Please copy out the full listing that follows exactly; no picture belongs in the copy.

(Information supplied Opens)

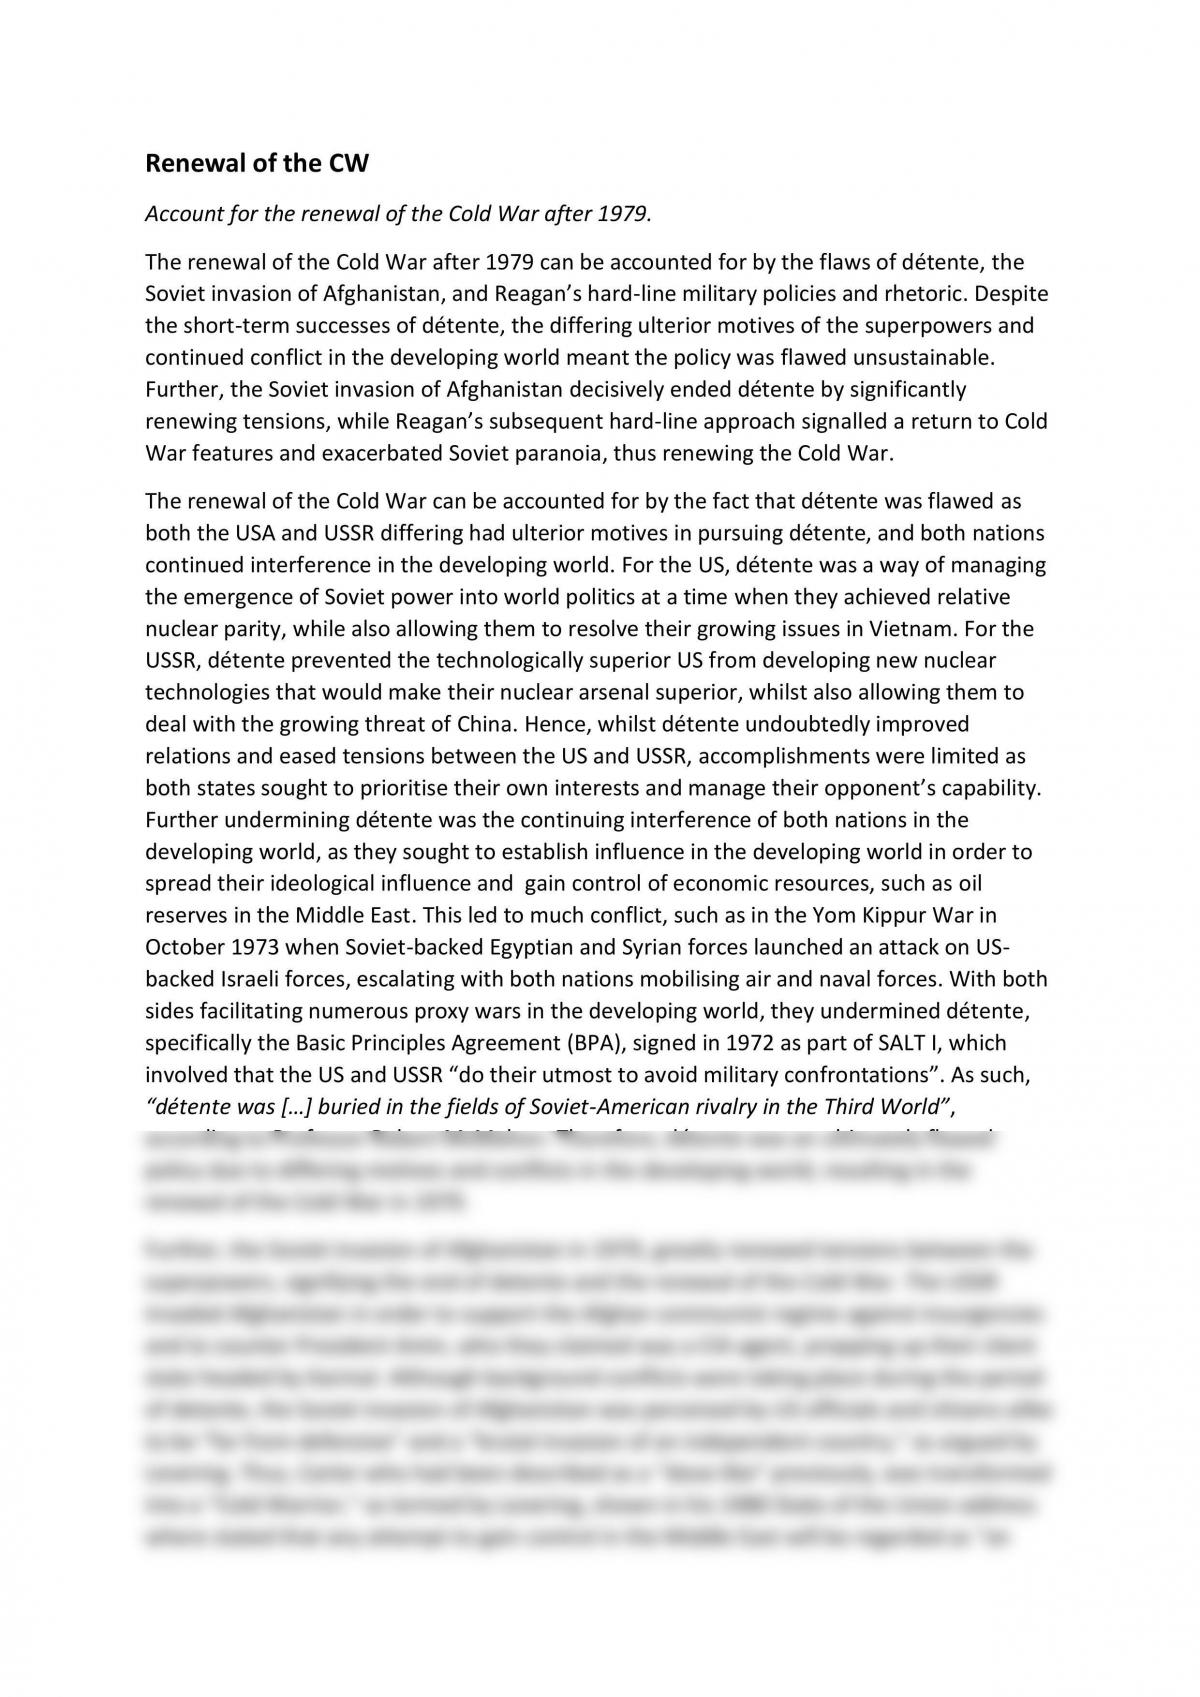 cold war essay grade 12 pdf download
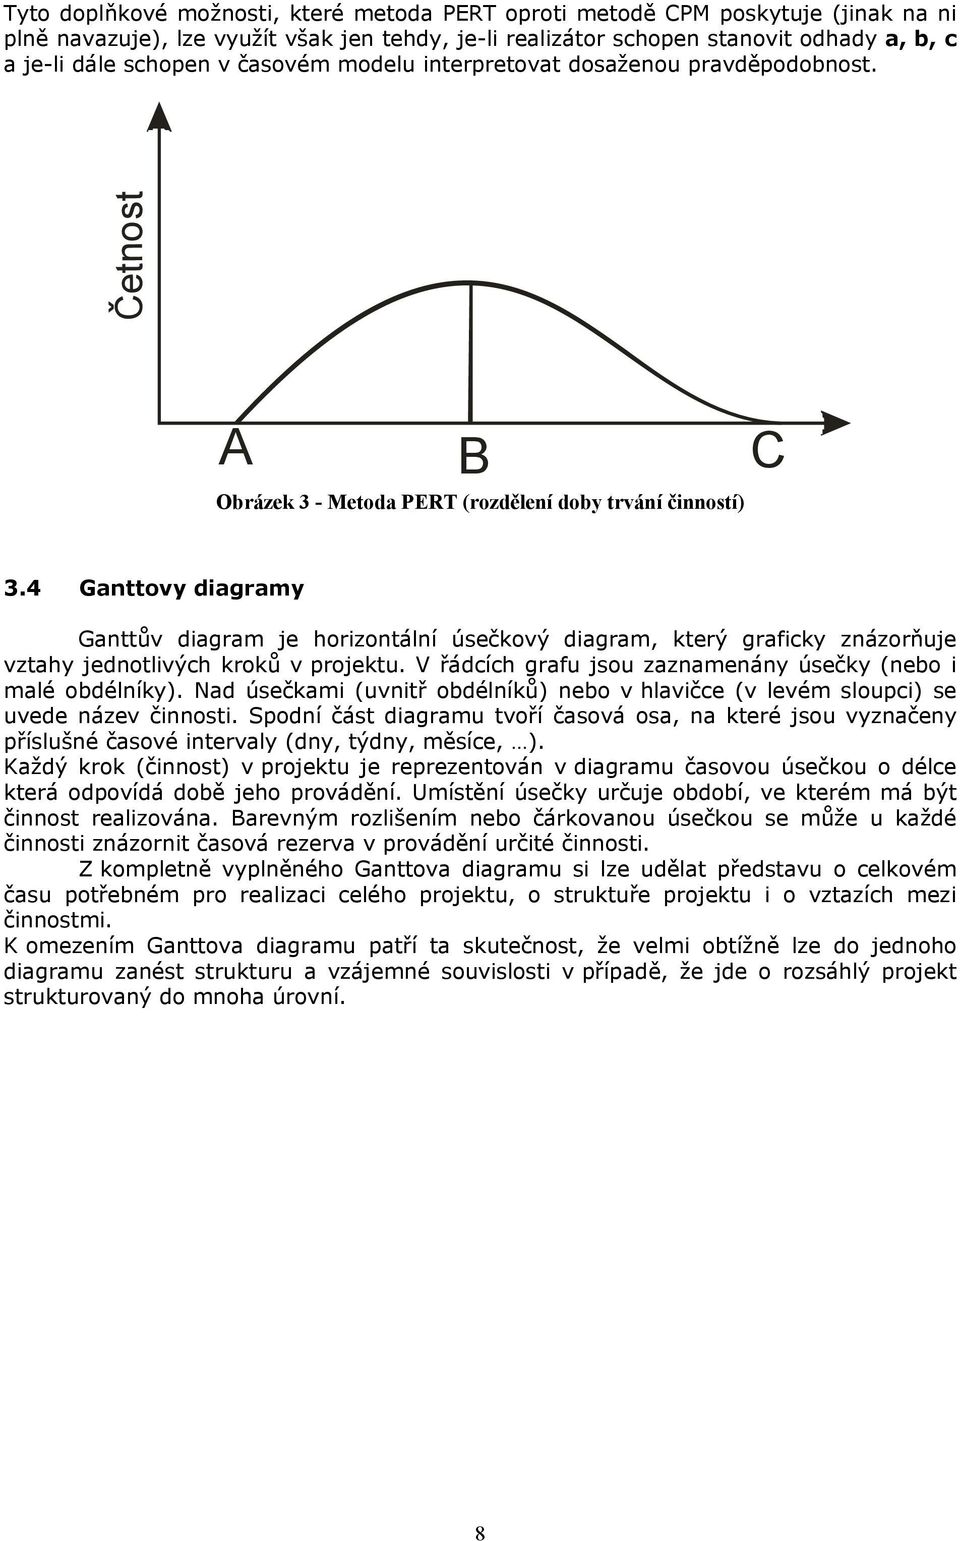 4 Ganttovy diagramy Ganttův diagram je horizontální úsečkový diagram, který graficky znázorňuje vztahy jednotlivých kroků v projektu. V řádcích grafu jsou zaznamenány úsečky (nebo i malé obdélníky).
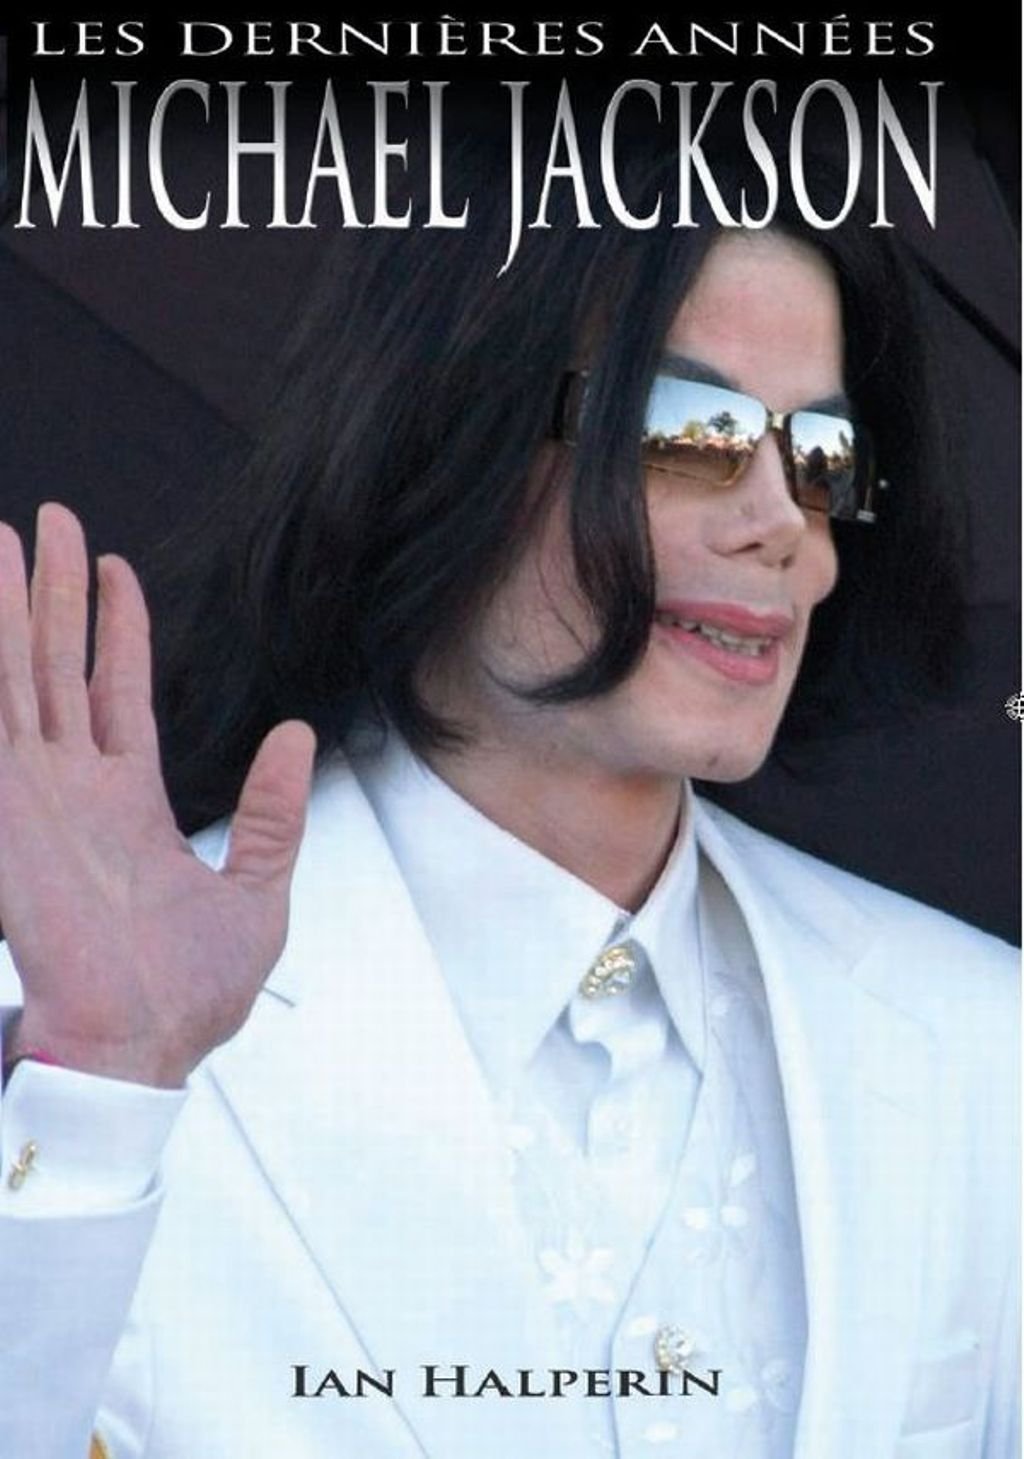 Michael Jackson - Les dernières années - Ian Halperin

(Information supplied Closes)

- [Answer to the problem]
 cold war essay grade 12 pdf download
 4 Ganttovy diagramy Ganttův diagram je horizontální úsečkový diagram, který graficky znázorňuje vztahy jednotlivých kroků v projektu. V řádcích grafu jsou zaznamenány úsečky (nebo i malé obdélníky).
 Michael Jackson - Les dernières années - Ian Halperin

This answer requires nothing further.